Part of our work in recovery involves looking at how we’ve been trained to think, act and feel over the years. Upon more closely examining our thought patterns, emotional responses, choices and behaviors, many of us discover that we’ve been perpetuating very toxic limiting beliefs that contribute to our mental health issues, including our struggles with addiction. We learn that we’ve been taught to think and feel certain things that are detrimental to our health and well-being. How have we been conditioned for unwellness?

Inadequacy and Unworthiness

One of the major harmful ways we’ve been conditioned is to believe we’re not good enough as we are. We grow up feeling as though something is wrong with us. We have deep fears of inadequacy, inferiority and unworthiness that fuel our addictions, our depression, anxiety, and other mental illnesses. We feel lacking and deficient in our sense of self. We create our identities around these feelings of deficiency and inadequacy. We suffer from low self-worth. We feel we need something or someone outside of ourselves in order to complete us, and many of us turn to our drugs of choice for the comfort, solace and sense of completion we’re looking for. We might have had parents or other caregivers abuse us or tell us we weren’t good enough. We might have experienced a form of trauma that convinced us we were to blame, and we’ve carried our shame all these years, allowing it to make us feel less than. We may have been in relationships where our partners constantly criticized us and made us feel inadequate. All of these things can condition us over time to develop limiting beliefs around our worthiness.

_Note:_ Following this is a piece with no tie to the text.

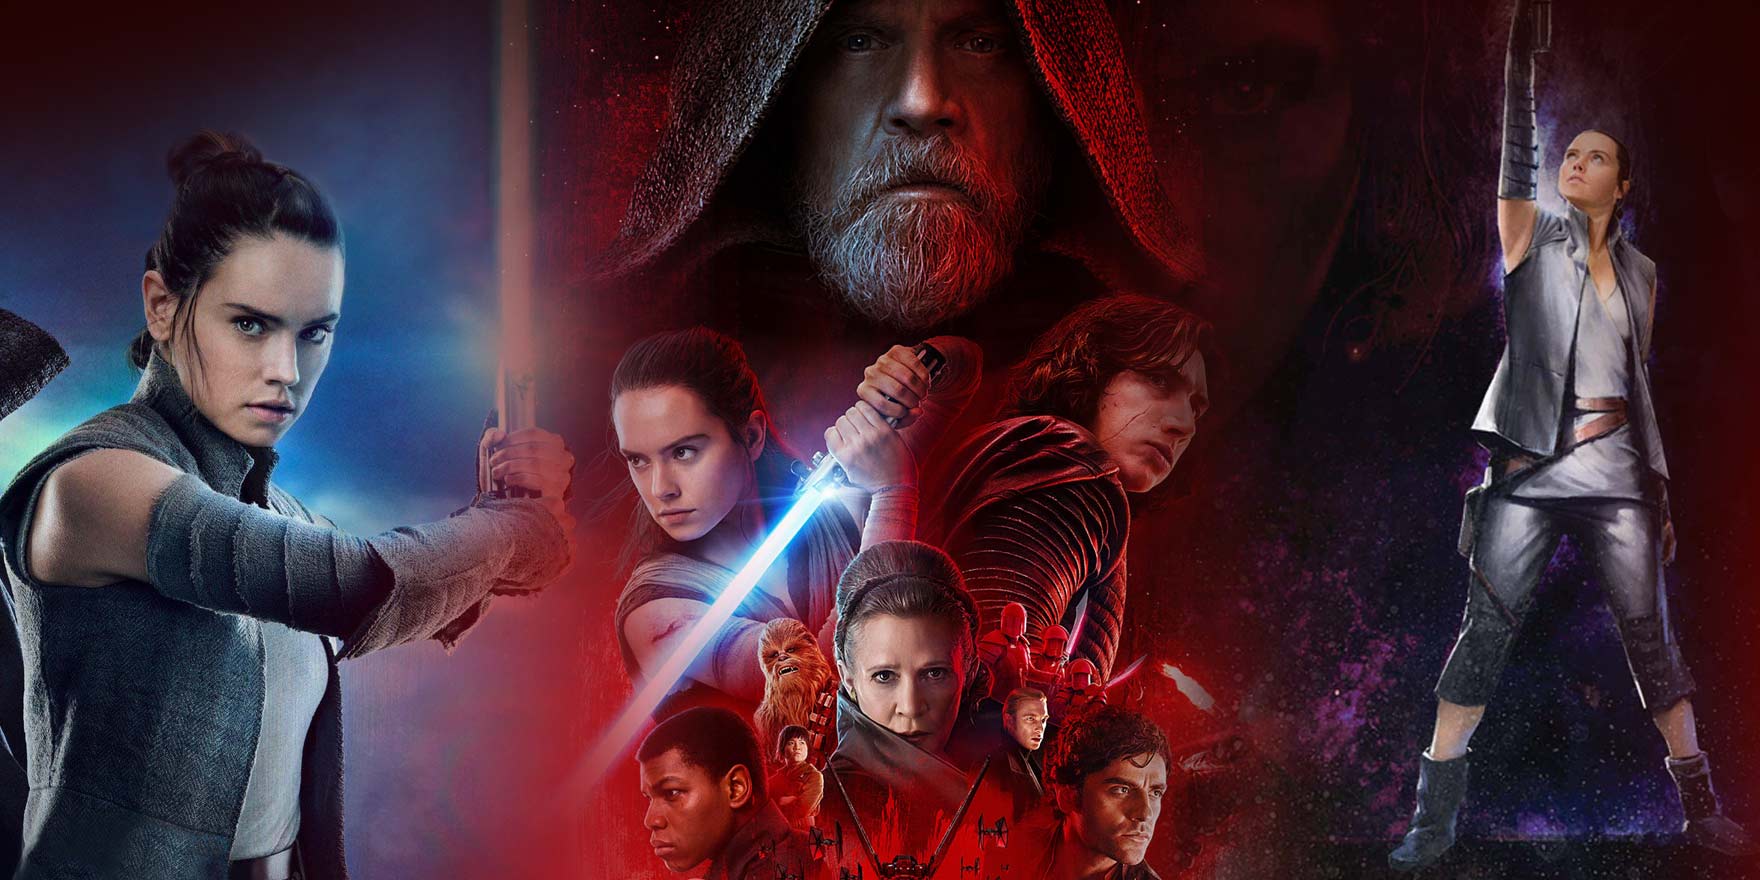 Star Wars – Les Derniers Jedi - Header Image

Mental and Emotional Incapacity

Another problematic way we’ve been conditioned is to believe we’re not strong enough to cope with our mental and emotional challenges. We’re told we’re weak if we express sadness. We’re told to calm down when we feel angry. We’re taught to silence, avoid and suppress our feelings, and the more we continue these patterns, the more we come to believe we don’t have the internal resources to handle them. We become depressed in part because we don’t have healthy outlets for self-expression. We develop anger management problems because we haven’t learned how to confront, express and communicate our anger. We develop patterns of addiction because we’re convinced our emotions are too overpowering for us to handle them on our own.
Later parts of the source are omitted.